Firms from Asia and the Middle East targeted by the Seedworm group

January 27, 2022
Firms Asia Middle East Seedworm Group Iranian Hackers Spear Phishing Malware Social Engineering

Researchers claimed to have seen the Iranian-backed cybercriminal group Seedworm targeting telecommunication companies, IT providers, and utility firms located in selected countries in Asia and the Middle East. According to their investigations, these threat actors have targeted these institutions for the past six months.

The state-backed threat group is using a combination of malware, network utilities, and spear-phishing strategies to obstruct the supply chain and exfiltrate data from their targets.

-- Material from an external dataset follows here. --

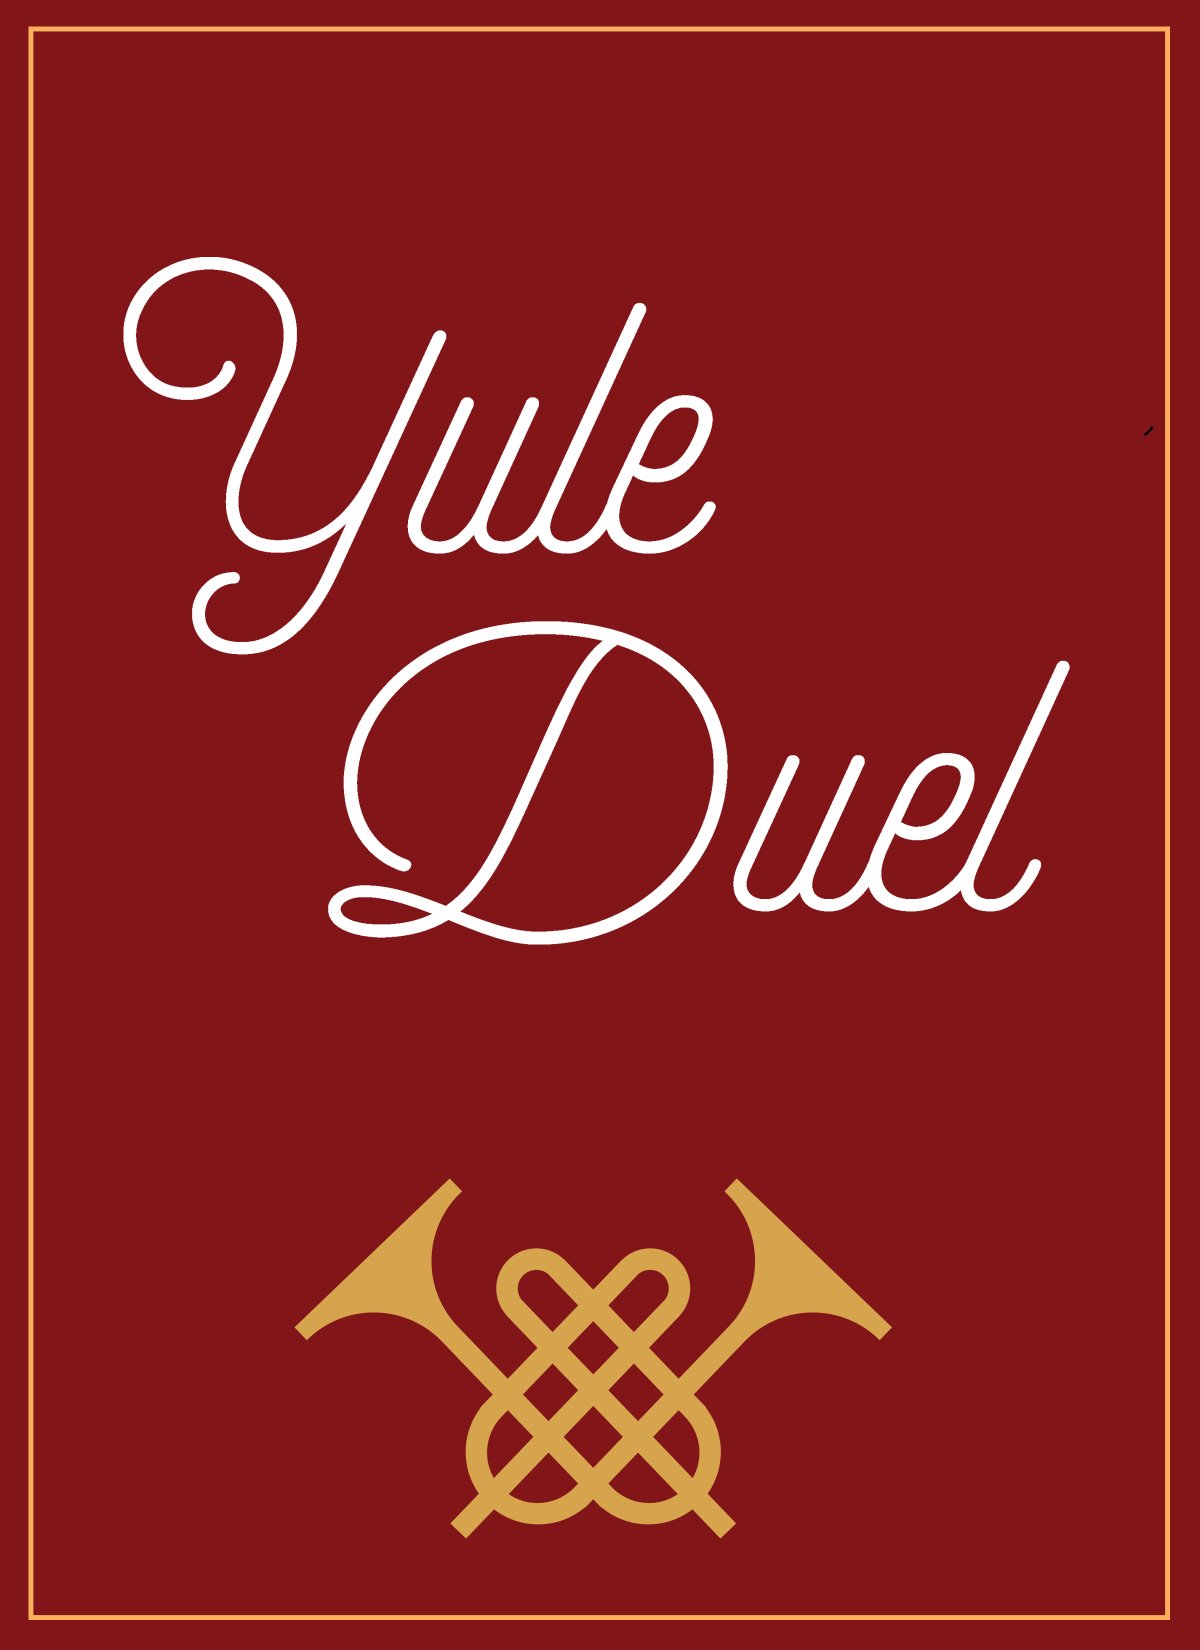 Yule Duel 2017 - image

The researchers examined an attack against a telecommunication company in the Middle East last August, where the culprits developed a service to spread an unidentified Windows Script File. In addition, the threat actors seem to have tried to infect other targets by targeting the telco company and connecting to the EWS of other organisations.

The cyber-espionage campaign was also discovered actively operating in multiple organisations in the United Arab Emirates, Saudi Arabia, Jordan, Pakistan, Thailand, Kuwait, Israel, and Laos with attack tools, land-tactics, social engineering, and malware.

 

Experts believe that Seedworm could initiate an attack on Asia and the Middle East by obtaining entry to networks using credentials-stealing and spear-phishing tactics.

 

Analysts monitored an alleged ScreenConnect setup MSI delivered in a zipped file coded as ‘Special discount program[.]zip,’ which arrived in a spear-phishing message for entry in one attack. They discovered two IP addresses utilised in the campaign that were connected to Seedworm operations, along with some tools like Password Dumper and SharpChisel.

They have later confirmed the disruption of supply chains since attackers attempted to target large organisations by mounting a supply-chain onslaught.

In a single attack against a utility industry in Laos, the malicious threat actors observed by researchers abusing a public-facing service gained entry. The first targeted unit was an IIS web server.

Also, the threat actors utilised a Powershell command to distribute compromised scripts and tools to the network and linked to a webmail server of a company in Thailand, along with IT servers of an independent firm.

The Seedworm group’s true objective might be gathering telecommunication-related information. For this reason, researchers are left with little evidence to examine how the actors abuse their targets. Experts suggest that companies should increase their defence mechanisms since it is the only way to stop actors from infiltrating their networks.